Tuesday, June 26, 2018

More Things You Should Never Do in the Kernel

Some things should never be done in the (Linux) kernel

One should never read a file from within the kernel, said Greg Kroah-Hartman in 2005. Nevertheless, he published some code showing how to read a file from within the kernel. That's the reality, and advantage, of open-source software: You can do anything you can code, just don't expect it to be merged upstream.

As part of a research project, I recently had to read an entire file system from within the kernel. The idea is to investigate the kernel's view of the system--files, processes, resources--and compare the results with those reported from user space. If there is a discrepancy, it could be due to malware or instability.

I'm not the only one

The code published by Kroah-Hartman is long-ago broken by changes in the linux kernel, so I started looking around in the current upstream sources for options.

It turns out that the current upstream kernel (4.17.2 at the time of this writing) does have some exported symbols for doing some things that "should never be done:"
  • reading and writing files
  • reading and writing sockets
  • investigating open files
These symbols were likely merged because of the need for kernel drivers to load firmware or other binary material, which is becoming an increasingly common thing in Linux.

Reading and Writing Files

If you need to read from and write to files, you can use the symbols kernel_read and kernel_write, which are prototyped in include/linux/fs.h. Here are user-like wrapper functions I wrote to generalize these two symbols. They allow you to open the file using a path:

#include <linux/fs.h>

ssize_t
write_file(char *name, void *buf, size_t count, loff_t *pos)
{
ssize_t ccode;
struct file *f;
f = filp_open(name, O_WRONLY, 0);
if (f) {
ccode = kernel_write(f, buf, count, pos);
if (ccode < 0) {
pr_err("Unable to write file: %s (%ld)", name, ccode);
filp_close(f, 0);
return ccode;
}
} else {
ccode = -EBADF;
pr_err("Unable to open file: %s (%ld)", name, ccode);
}
return ccode;
}

ssize_t
read_file(char *name, void *buf, size_t count, loff_t *pos)
{
ssize_t ccode;
struct file *f;
f = filp_open(name, O_RDONLY, 0);
if (f) {
ccode = kernel_read(f, buf, count, pos);
if (ccode < 0) {
pr_err("Unable to read file: %s (%ld)", name, ccode);
filp_close(f, 0);
return ccode;
}
filp_close(f, 0);
} else {
ccode = -EBADF;
  pr_err("Unable to open file: %s (%ld)", name, ccode);
}
return ccode;
}


/proc and /sys

It turns out that these functions work with /proc/ and /sys/ files, with some additional helper code that I will publish shortly. And they work with all the kernel vfs file systems. They will not work with user-space file systems such as fuse.

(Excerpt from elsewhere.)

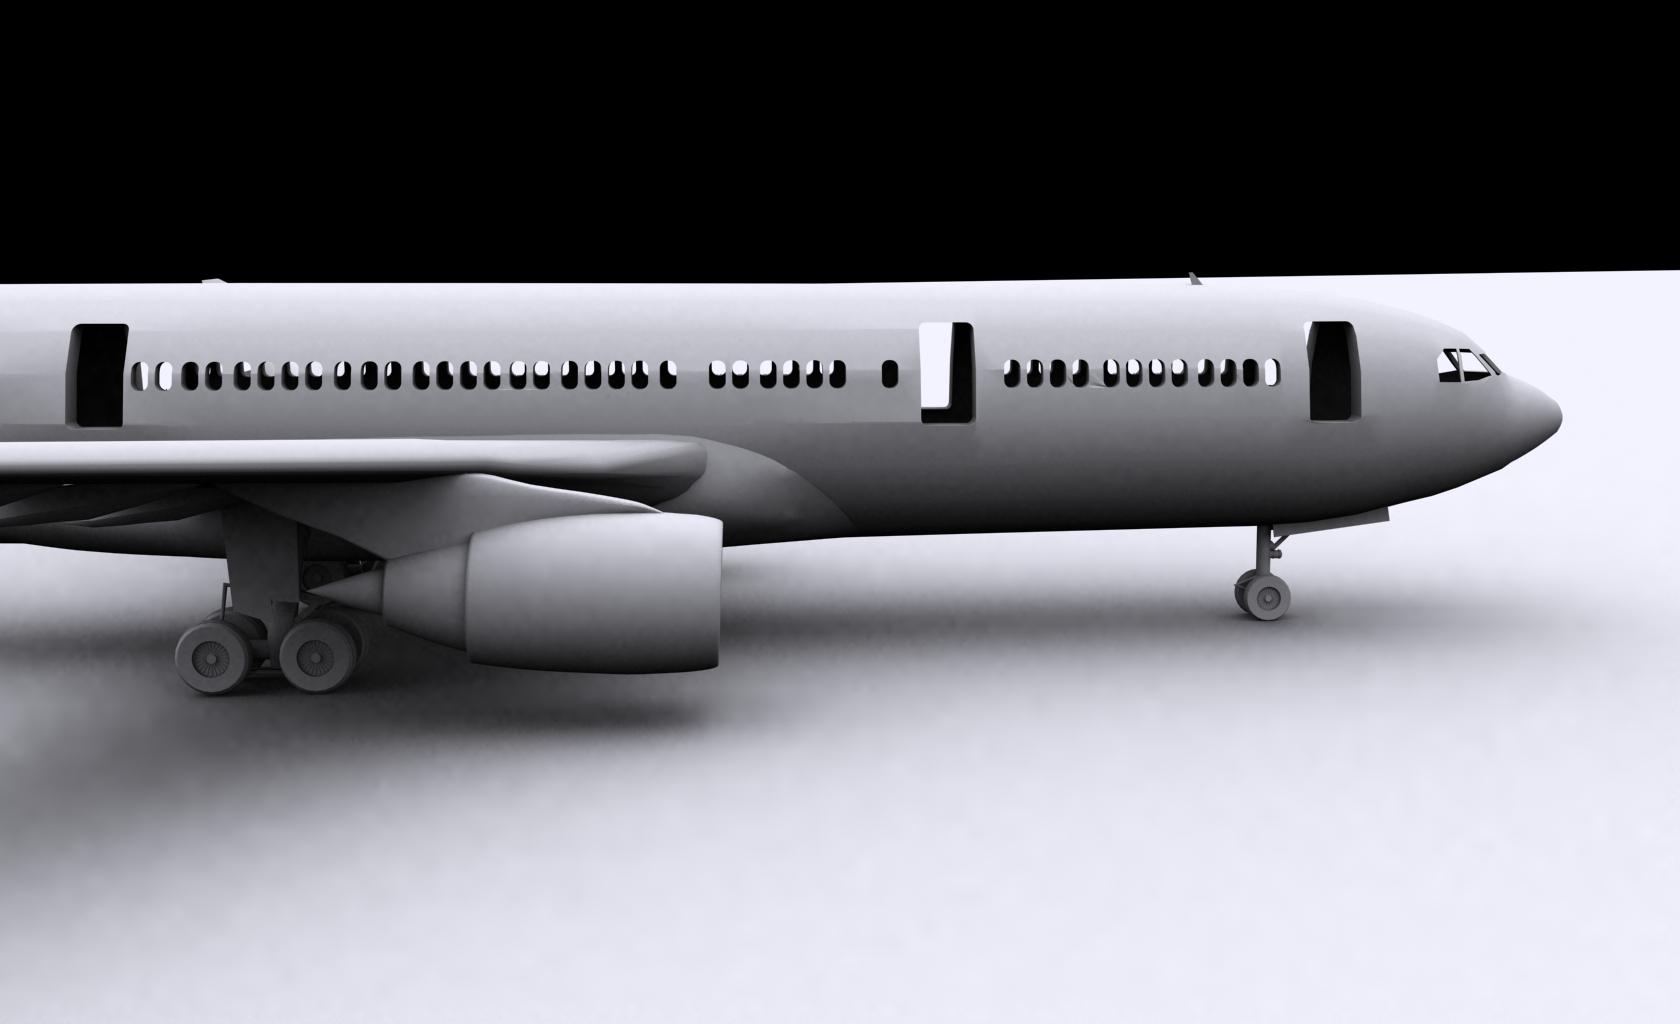 airbus a330-200 3d model ige igs iges  obj 152721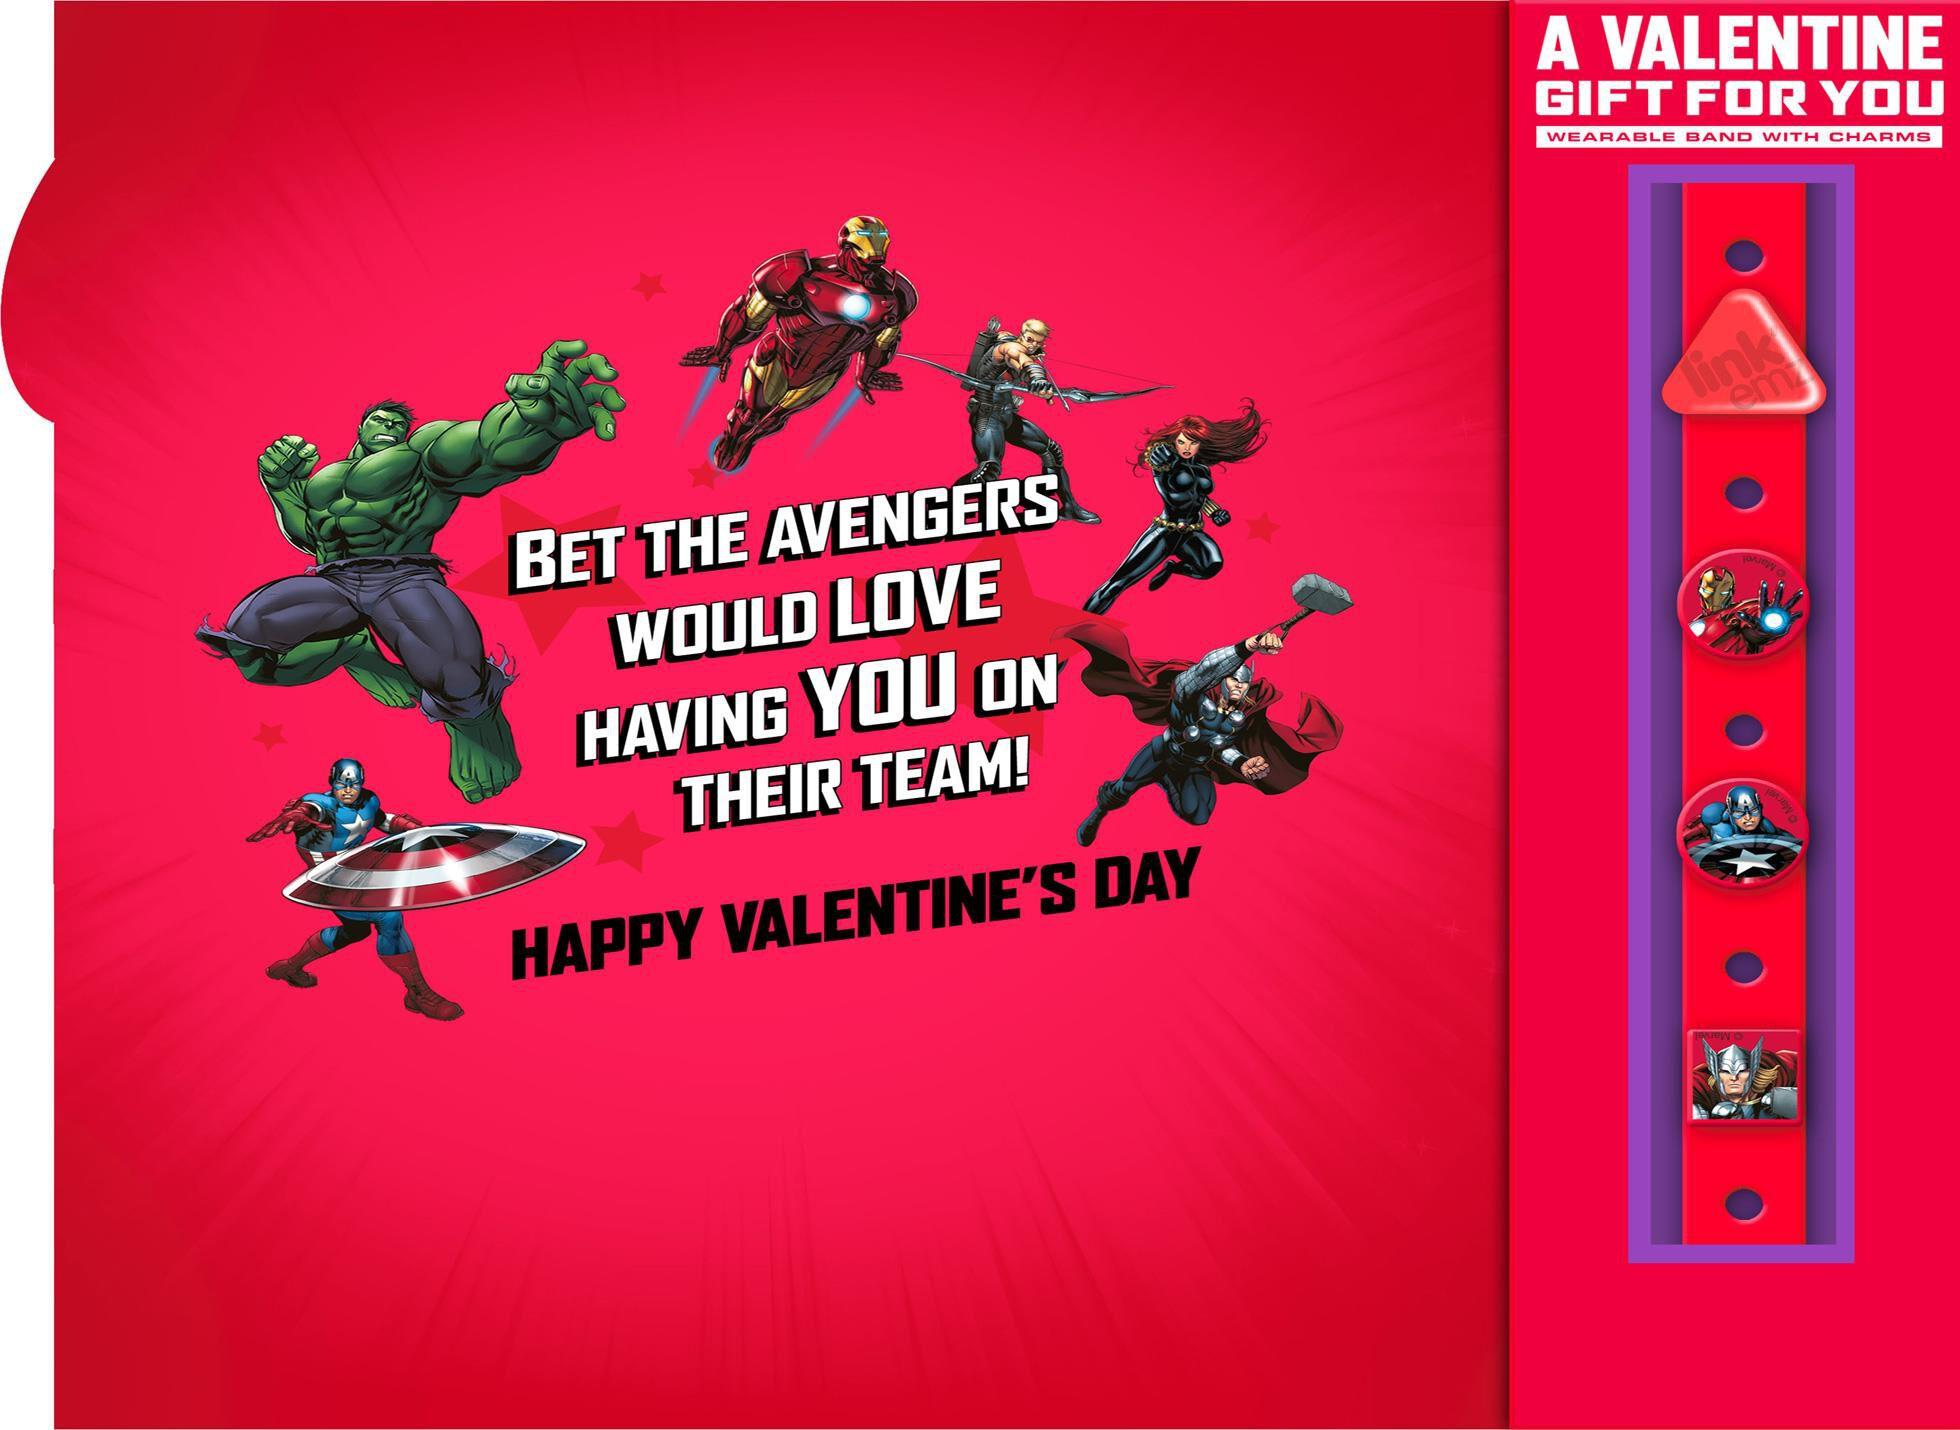 Marvel Avengers Valentineu0027s Day Card With Linku0027emz Wristband,

For example, my research kernel module can read /proc/1/mounts and send that file to an external monitor that will compare the data to the output of the user space mount command.

You probably shouldn't do this, unless you should

It's so much easier to read and write files from user space, and the consequences of a bug in your code are less severe. But the entire point of my current project is to get data from within the kernel and then compare that to what should be the same data obtained from user space.